In 1900 he formed his own company, the Hampden Automobile and Launch Company. A year later he contracted to design and build automobiles under the name Stevens-Duryea for the Stevens Arms and Tool Company of Chicopee, Massachussets.
This operation was separated from the parent company in 1904 and became the Stevens-Duryea Motor Car Company. One of the luxury cars of its day, the Stevens-Duryea had a four-cylinder engine in 1903 and a six-cylinder motor after 1906; prices ranged from $2, 500 to $6, 500. It was a profitable line, but in 1915 Duryea, with unusual prescience, saw that the moving assembly line had doomed the small-scale, luxury-car producer.
He was also in poor health, so when he received a good offer from Westinghouse for his factories in Chicopee Falls and Springfield, he accepted. Westinghouse subsequently used the plants for military production. Duryea's retirement lasted for fifty-two years.
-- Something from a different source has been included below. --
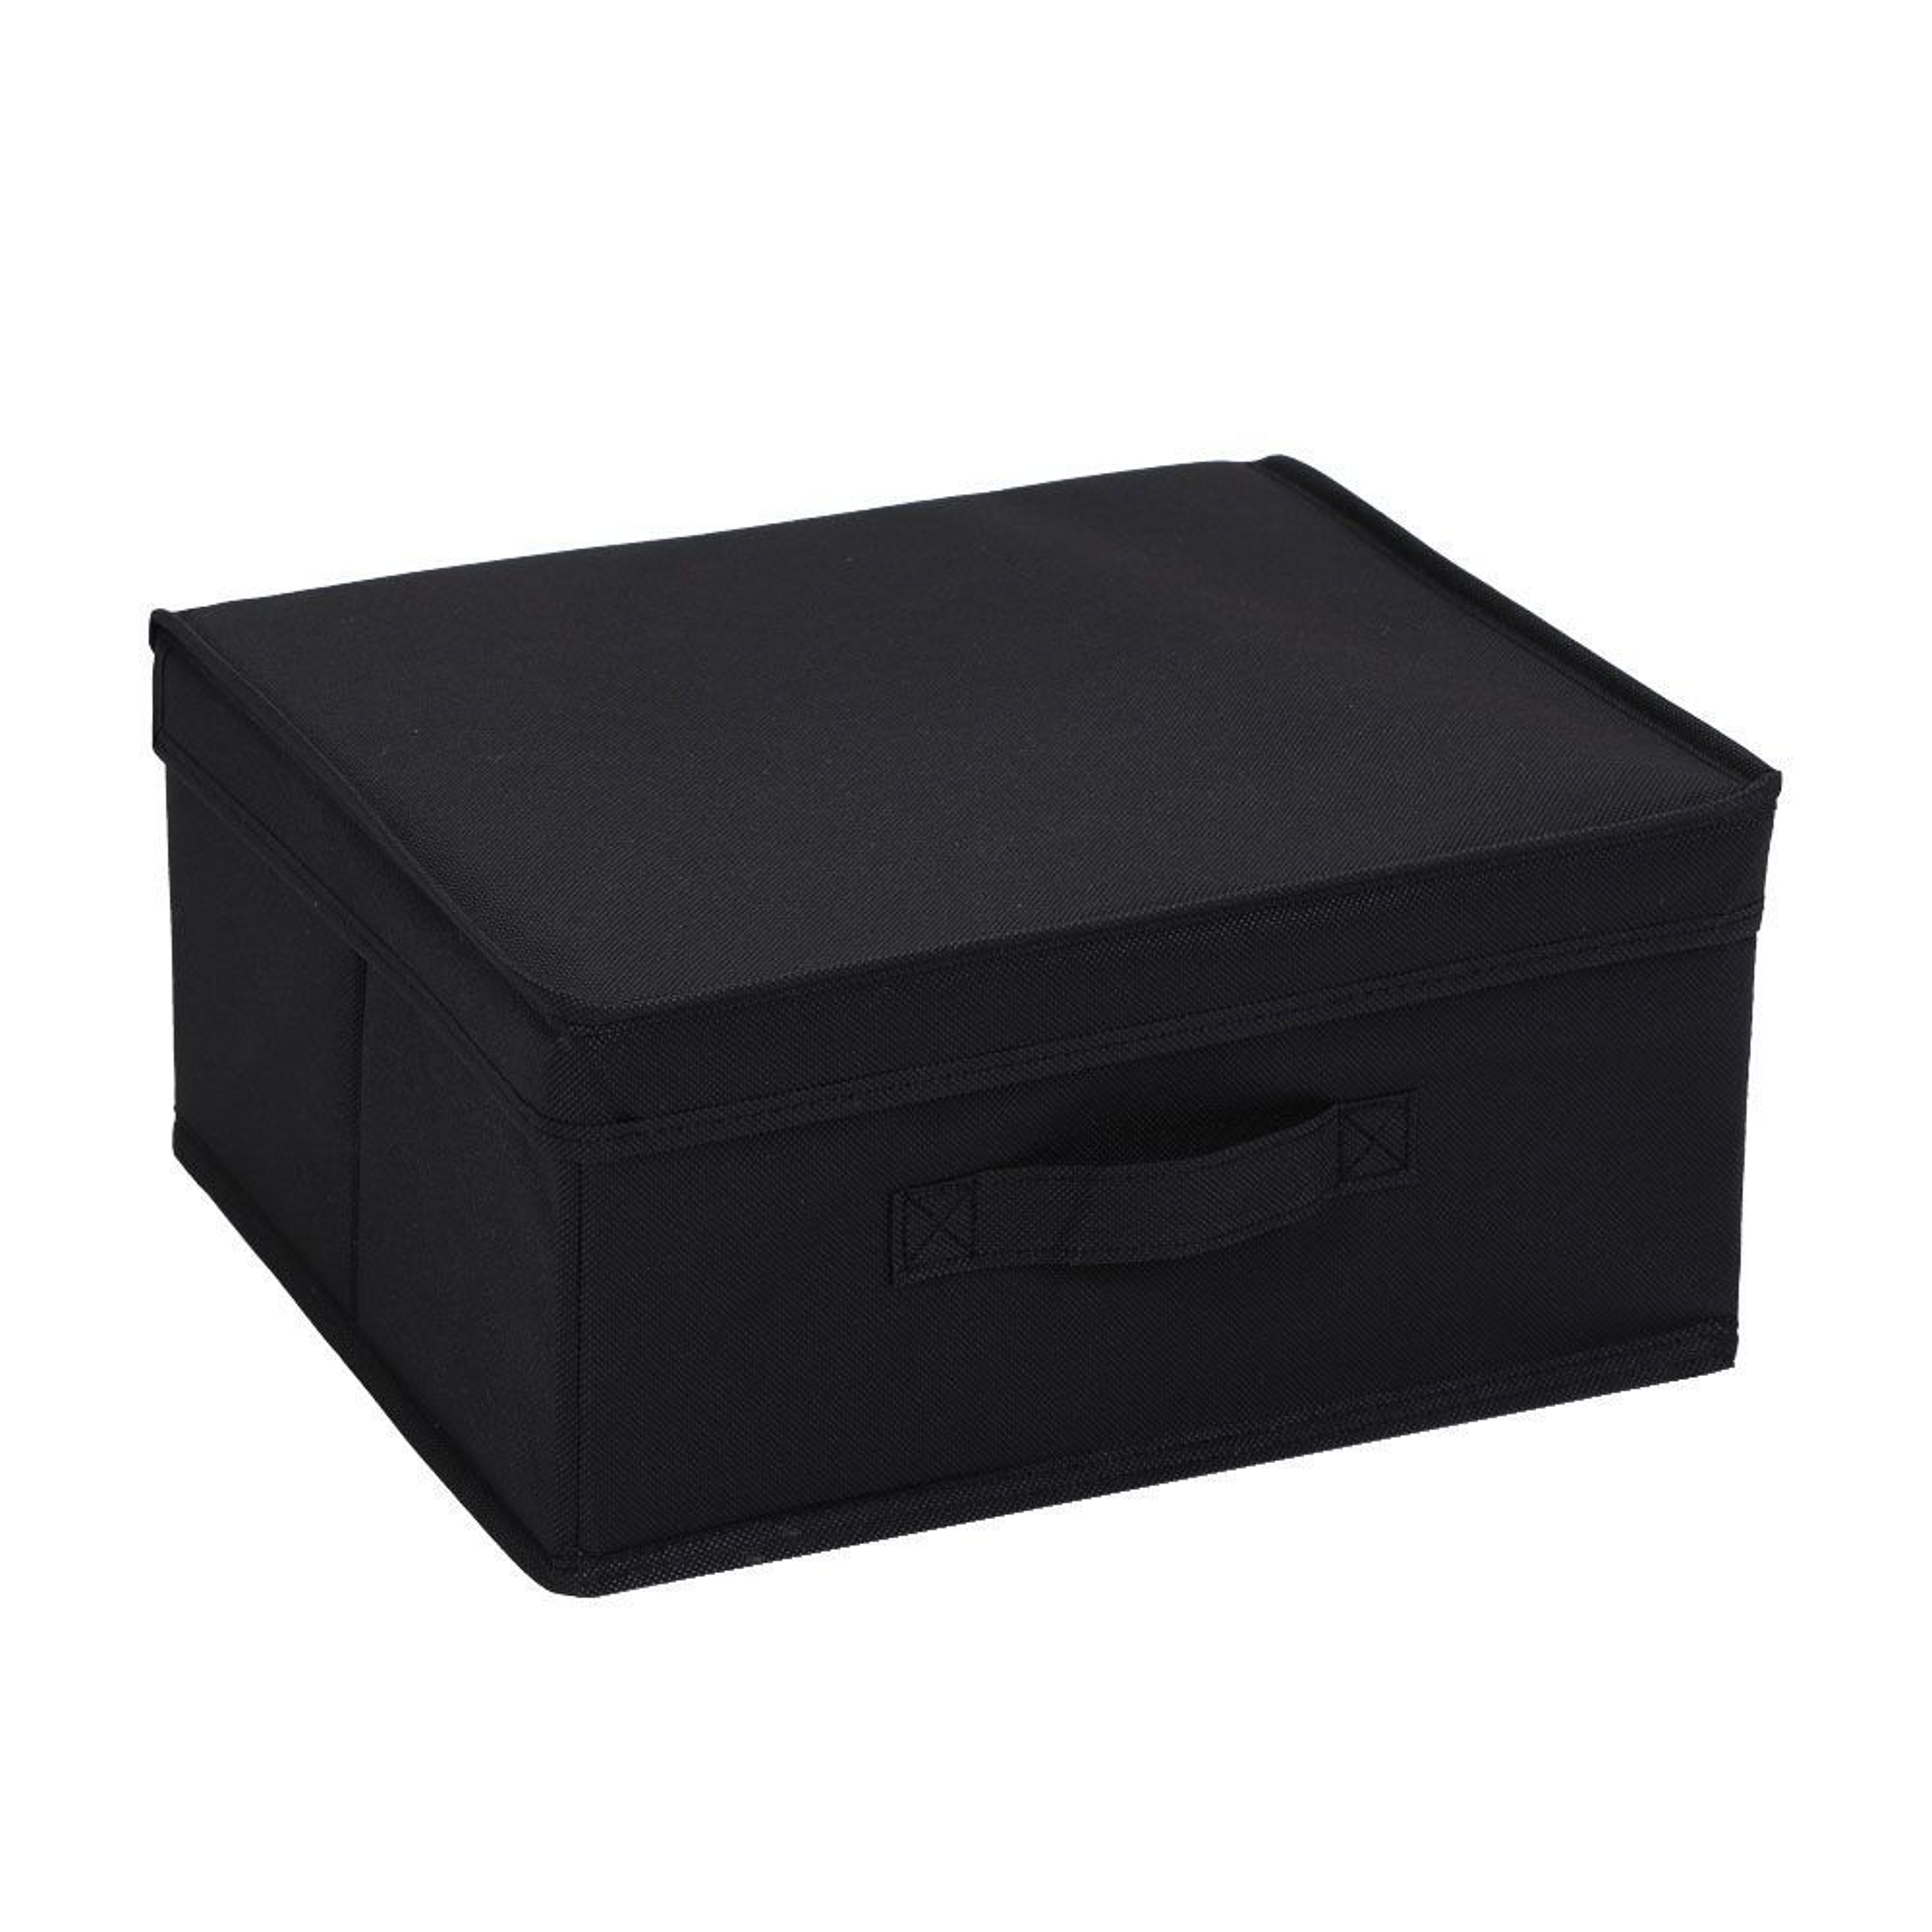 Mode Soft Storage Box with Lid Black 33 x 28 x 15cm | Home Storage & Living
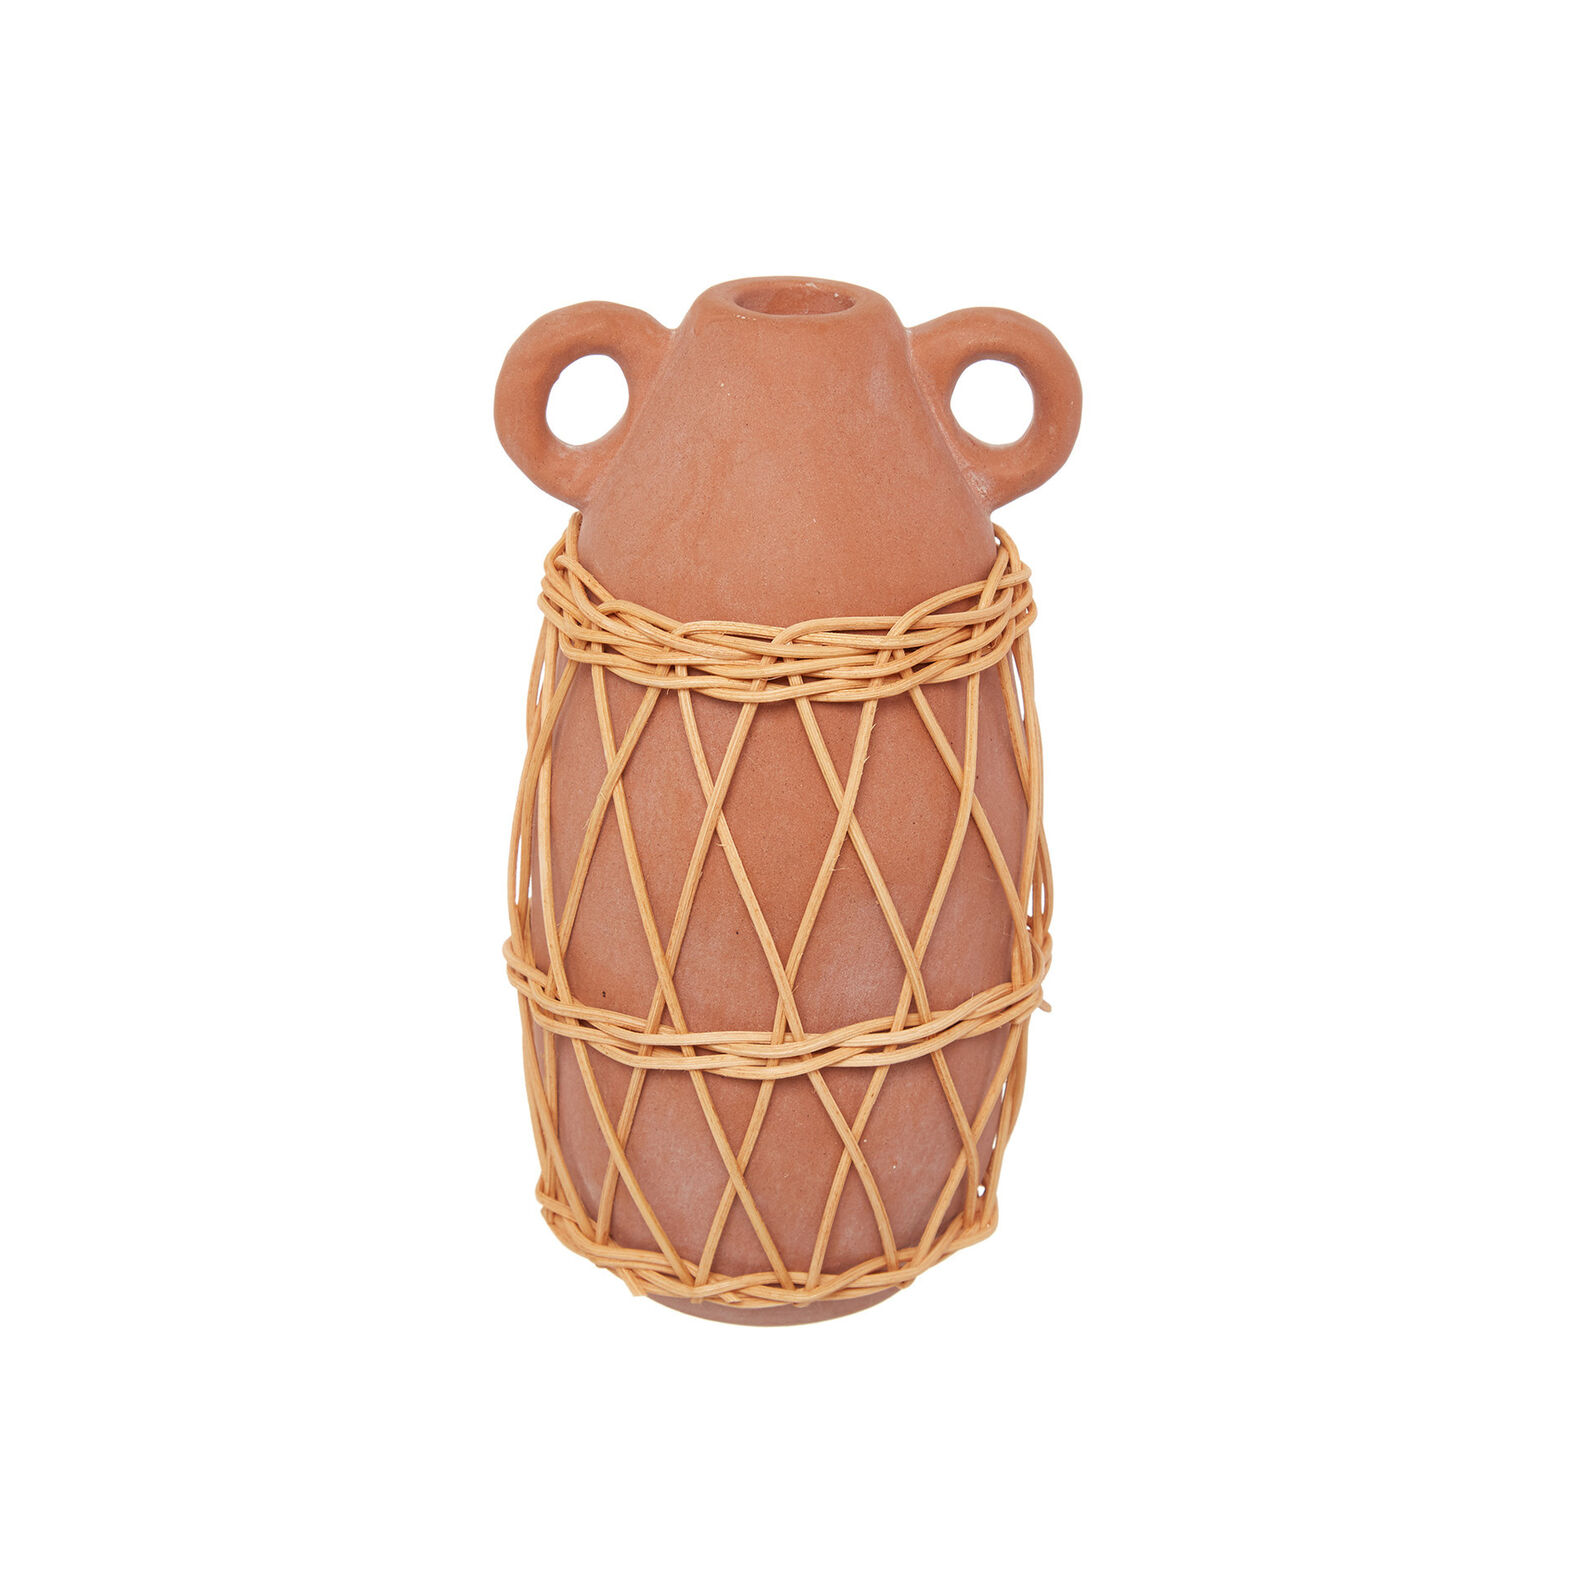 Ceramic candlestick with rattan decoration

He resided in Greenwich, Connecticut, until 1938 and then in Madison, Connecticut, where he died. In 1945 he received a testimonial from the American Automobile Association, signed by Captain E. V. Rickenbacker, chairman of the board, stating that he had won America's first race in a car of his own design and construction.
Duryea was married twice (names of spouses unknown) and had one child.